Aristotle, and other Heathen Philosophers define Good, and Evill, by the Appetite of men; and well enough, as long as we consider them governed every one by his own Law: For in the condition of men that have no other Law but their own Appetites, there can be no generall Rule of Good, and Evill Actions. But in a Common-wealth this measure is false: Not the Appetite of Private men, but the Law, which is the Will and Appetite of the State is the measure.

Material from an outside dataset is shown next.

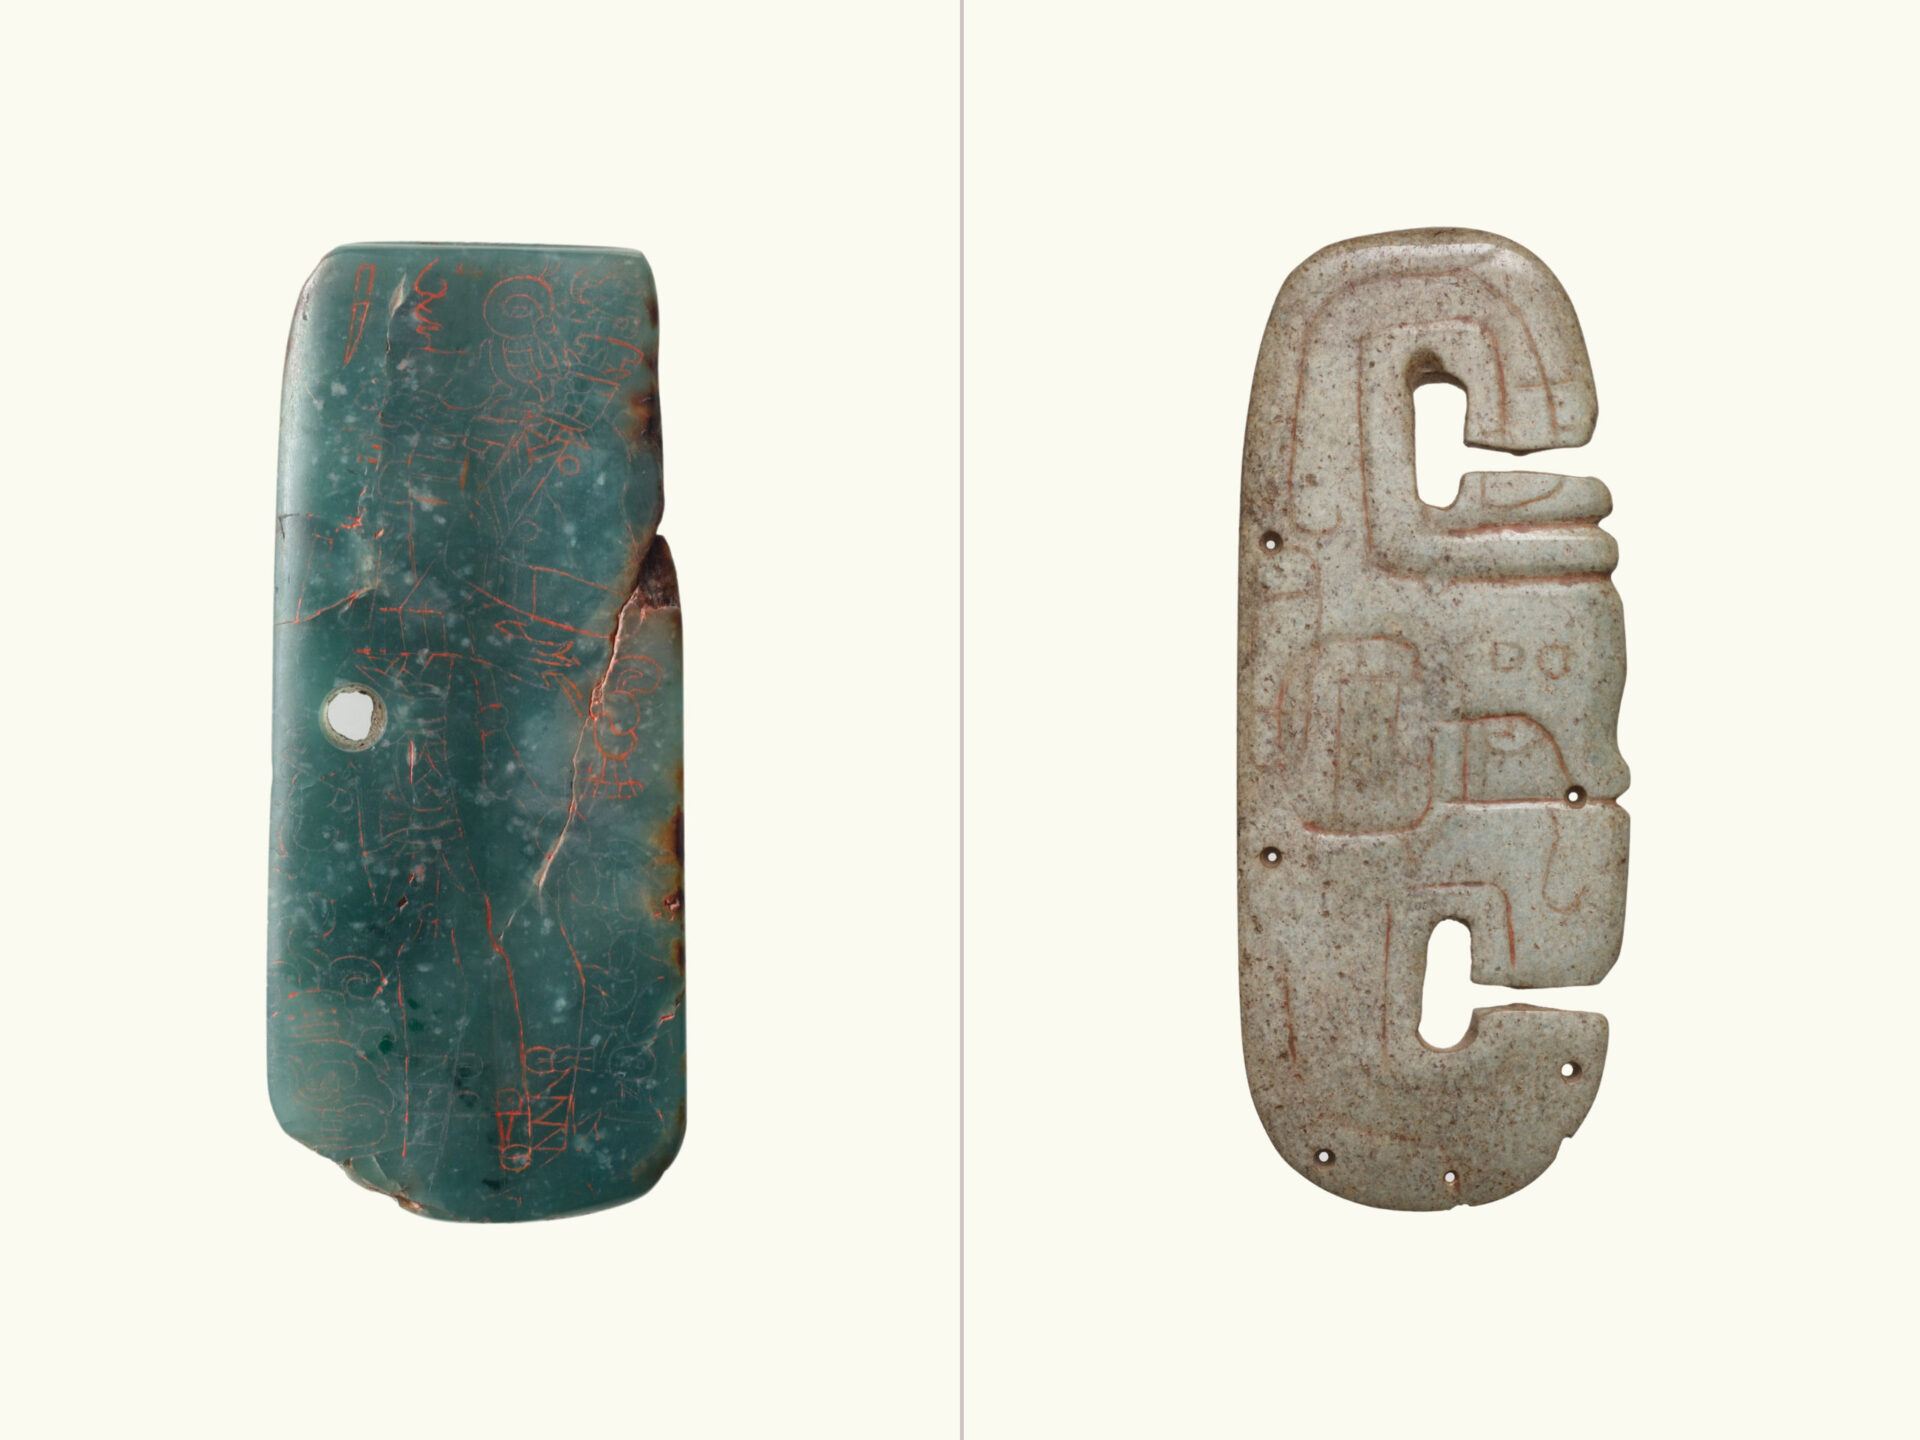 A comparison of two objects: translucent blue-green jade with orange pigment plaque (left) and light green jadeite plaque (right).

Hobbes summarises his approach:

though I reverence those men of Ancient time, that either have written Truth perspicuously, or set us in a better way to find it out our selves; yet to the Antiquity it self I think nothing due: For if we will reverence the Age, the Present is the Oldest. If the Antiquity of the Writer, I am not sure, that generally they to whom such honor is given, were more Ancient when they wrote, than I am that am Writing: But if it bee well considered, the praise of Ancient Authors, proceeds not from the reverence of the Dead, but from the competition, and mutuall envy of the Living.

The argument to moderation then must fall. It has no basis. There is goodness in what appears to be moderation, grounded on reason and Christian teaching, but not from the straw Aristotle grasped at, and it is not really moderation.

The Golden Mean assumes a one-dimensional spectrum on one topic alone. No aspect of social relations can be one-dimensional nor go by with no consequence on an infinite network of bonds. Those bonds are restraints on the State of Nature, sometimes stifling; sometimes enabling practical freedom, usually both.  What appears to be moderation is to be balanced on thread of bonds and instincts and motivations to best advantage.  The result looks Aristotelian, but has nothing to do with his idea.